Additional experiments also indicate that there is no obvious connection between the number of missing interactions for an individual gene and the accuracy of imputation on its missing values. For example, in the RNA dataset, genes with 50-60% missing values are imputed with higher accuracy than those with 10 - 20% missing values. See 'Additional file 6 - missing by percentage.xls' for full details. This is perhaps surprising, but in E-MAP datasets even genes with ≈ 60% missing values have several hundred measured values which can be used to identify nearest neighbors. This is in contrast with gene expression data, where the number of measurements can be lower than 12 per gene. This may have important consequences for optimizing the design of pairwise genetic interaction studies. Previous work by Casey et al showed that using by combining an iterative experimental approach with information theory approaches to identify the most informative experiments, successful clustering of interaction data could be achieved using less than 50% of the measurements in a complete dataset. It would be interesting to see a similar approach based on optimal imputation of strong interactions.
Strongly alleviating and aggravating interactions are imputed with high precision
Although the stated purpose of this work is not to develop classifiers for alleviating or aggravating interactions, the classification results are still of some interest. Figures for the classification accuracy of the three distinct classes of interaction (Alleviating, Neutral, Aggravating) are given in Table 5. These figures were generated with our suggested default parameters - K = 50 and K = 20 for wNN and LLS respectively. The precision and recall figures for aggravating interactions shown are competitive with recently reported findings in  for the prediction of synthetic lethality. However, the results for alleviating interactions are significantly poorer. This is surprising, but to date there have been no methods developed for the prediction of alleviating interactions with which to make a comparison. There are a number of possible explanations for the poorer recall - there are fewer measured alleviating interactions in each dataset, and they generally have a smaller magnitude. In addition, the biological factors which result in alleviating interactions have not been the subject of as many systematic studies as those of aggravating interactions. We suggest that this is an area in which significant further work can be done - both in terms of improving predictive accuracy, and also gaining an understanding of the causes of alleviating interactions.
While precision scores are competitive for both LLS and wNN, we note that wNN offers better recall in most cases.
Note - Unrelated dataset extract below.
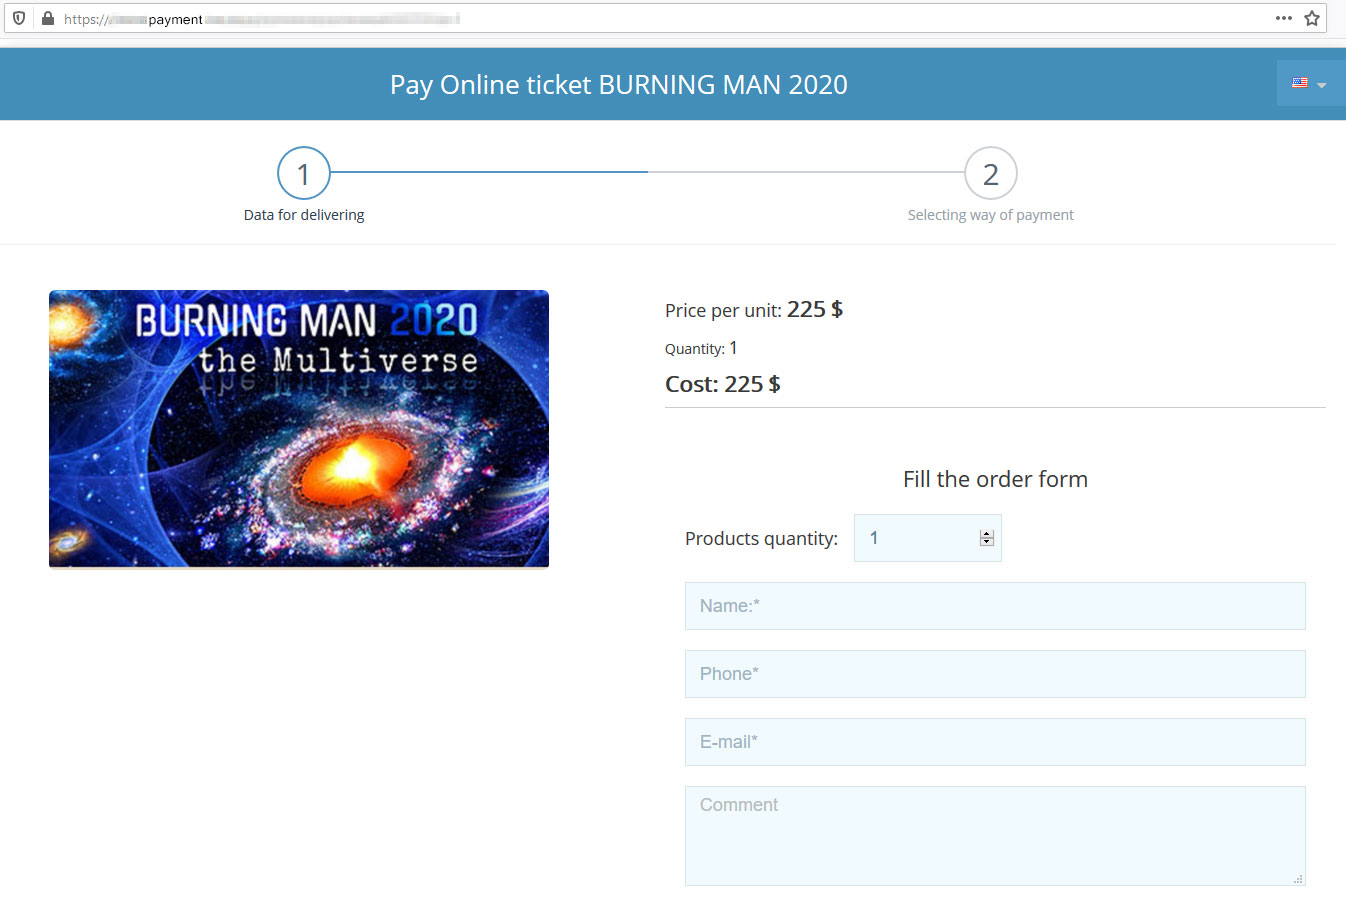 Order form on the fake website

One possible explanation is that each method selects the neighbors in a slightly different fashion - for a missing value (i, j), wNN selects only i's K nearest neighbors that have a measured interaction with j, while LLS selects K neighbors based solely on correlation. This is done for reasons of efficiency in LLS - regression coefficients are calculated for each gene with missing values, rather than for each missing value. Some of i's K nearest neighbors may have a missing value for the interaction with j - in LLS these are filled in with gene mean values and used for the imputation, while for wNN these neighbors will be skipped and the next most similar neighbors selected. The fact that LLS sometimes uses values imputed using means will have a greater impact when dealing with extreme values, as the gene mean values represent a poor estimation for them.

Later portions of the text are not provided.